GIVEN INFORMATION:
-------------------------

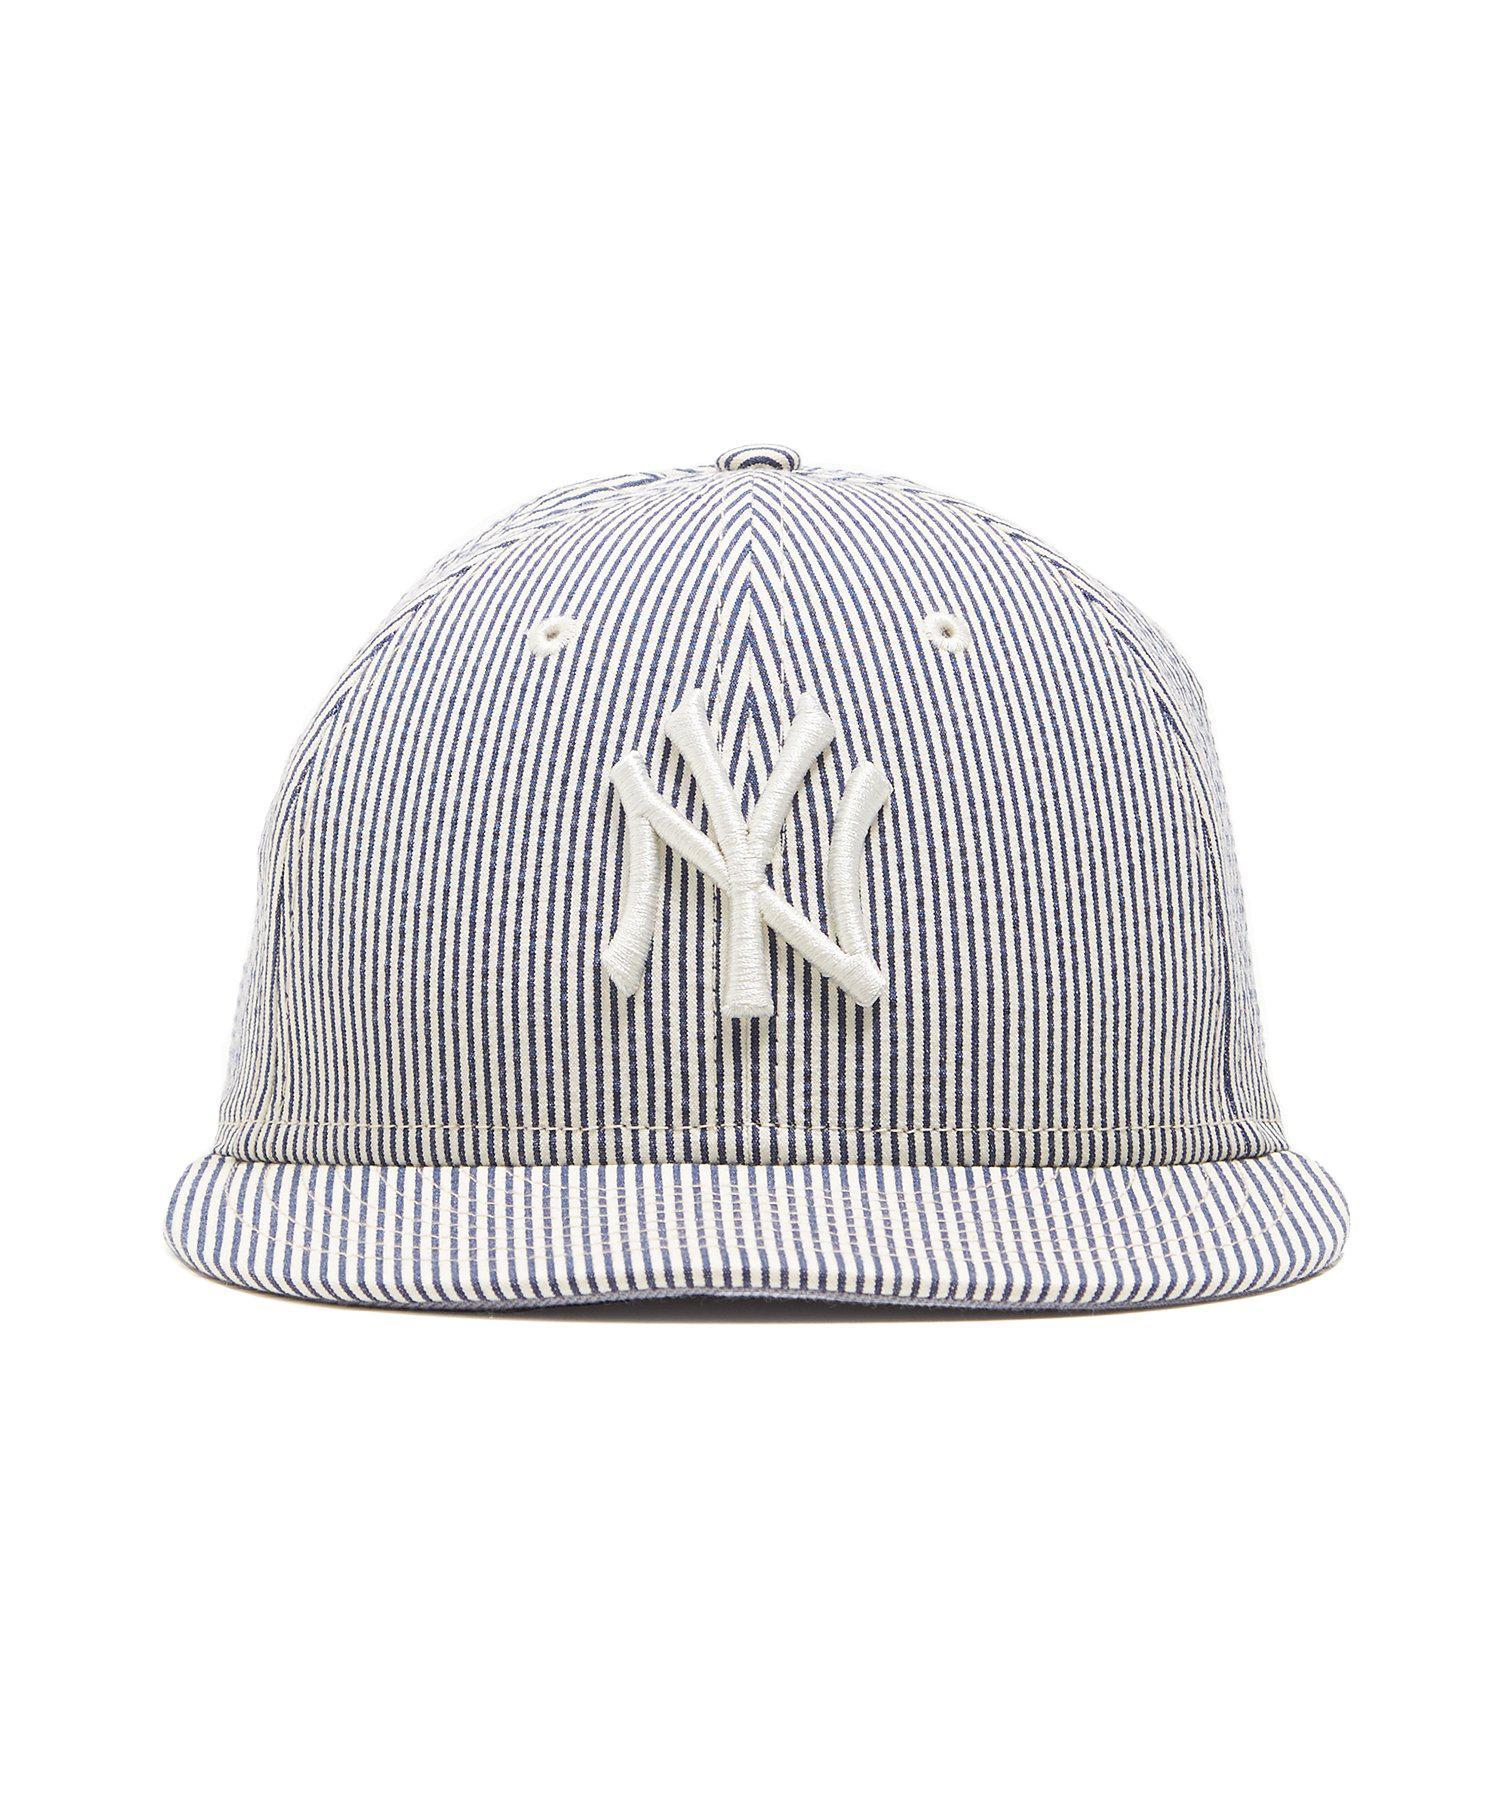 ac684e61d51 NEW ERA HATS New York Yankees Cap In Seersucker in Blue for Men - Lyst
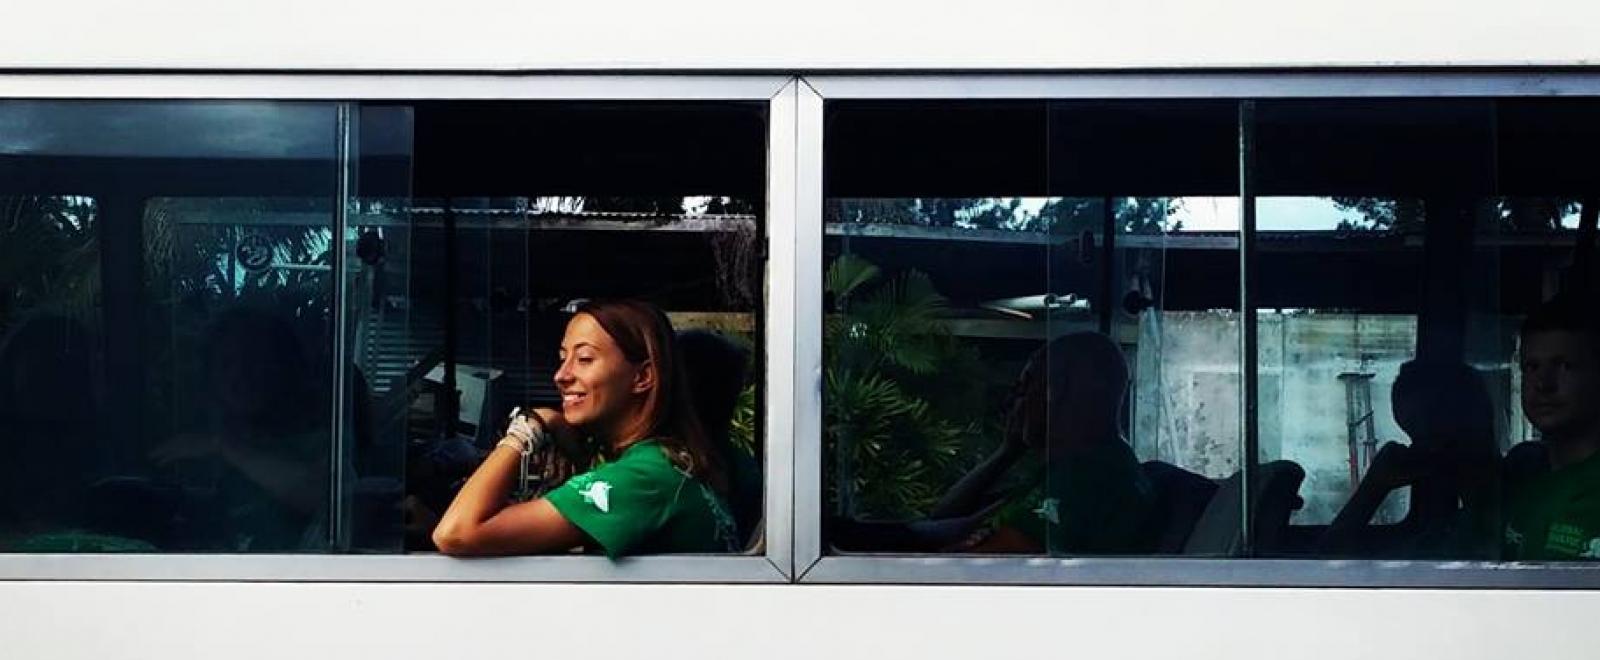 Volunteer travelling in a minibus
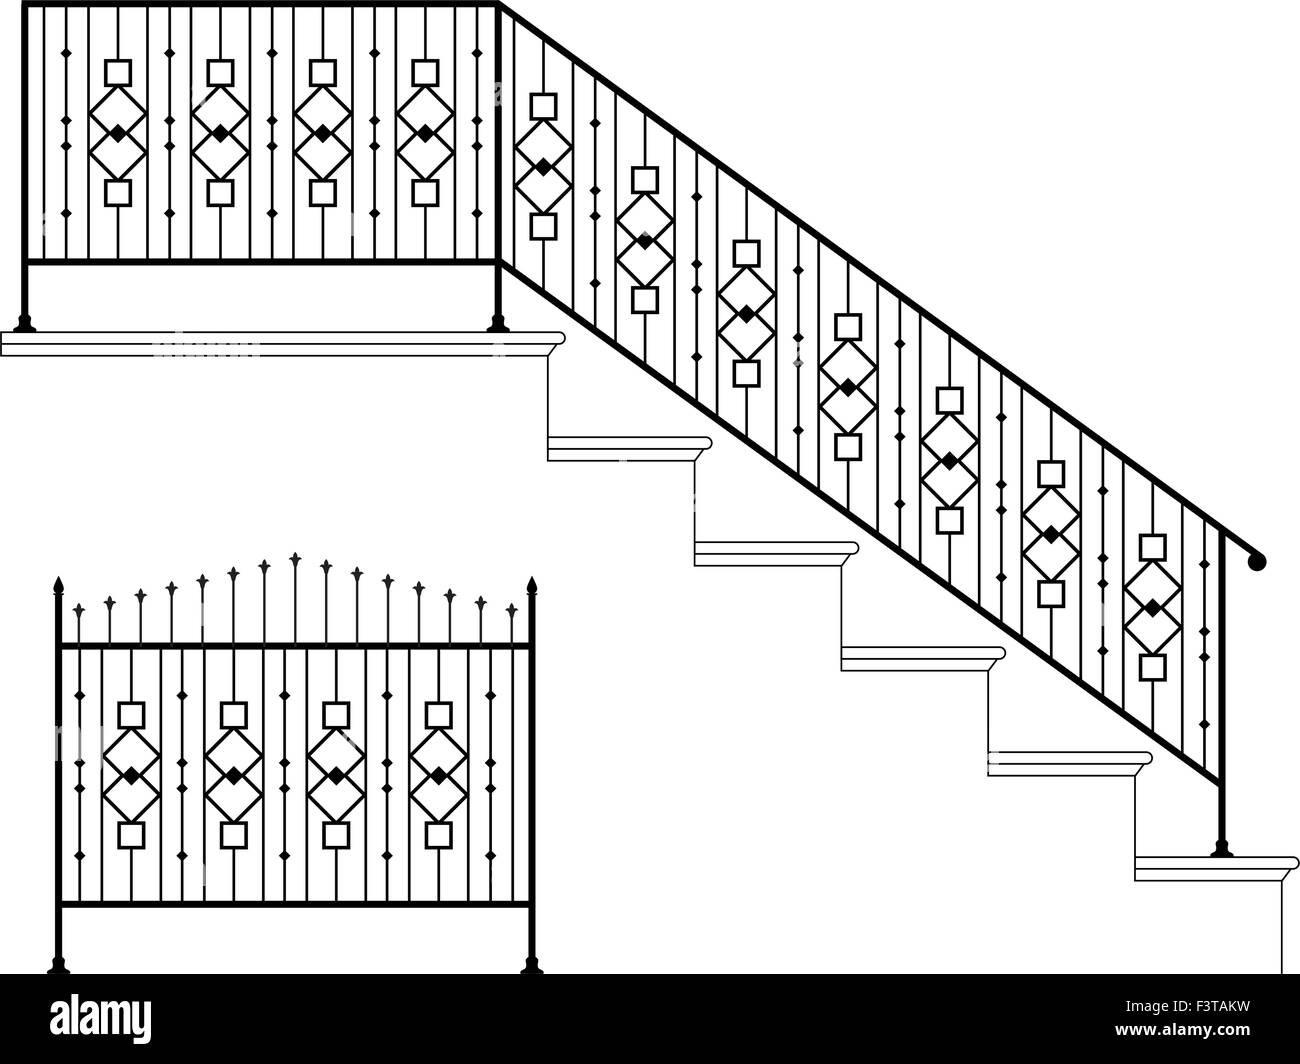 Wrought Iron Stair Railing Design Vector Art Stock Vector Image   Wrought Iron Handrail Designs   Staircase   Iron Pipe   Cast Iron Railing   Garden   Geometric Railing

-------------------------

PROBLEM REQUIREMENTS: Give back the material above word for word; no picture belongs in it.

RESULT BELOW:
 ac684e61d51 NEW ERA HATS New York Yankees Cap In Seersucker in Blue for Men - Lyst
 Volunteer travelling in a minibus
 Wrought Iron Stair Railing Design Vector Art Stock Vector Image   Wrought Iron Handrail Designs   Staircase   Iron Pipe   Cast Iron Railing   Garden   Geometric Railing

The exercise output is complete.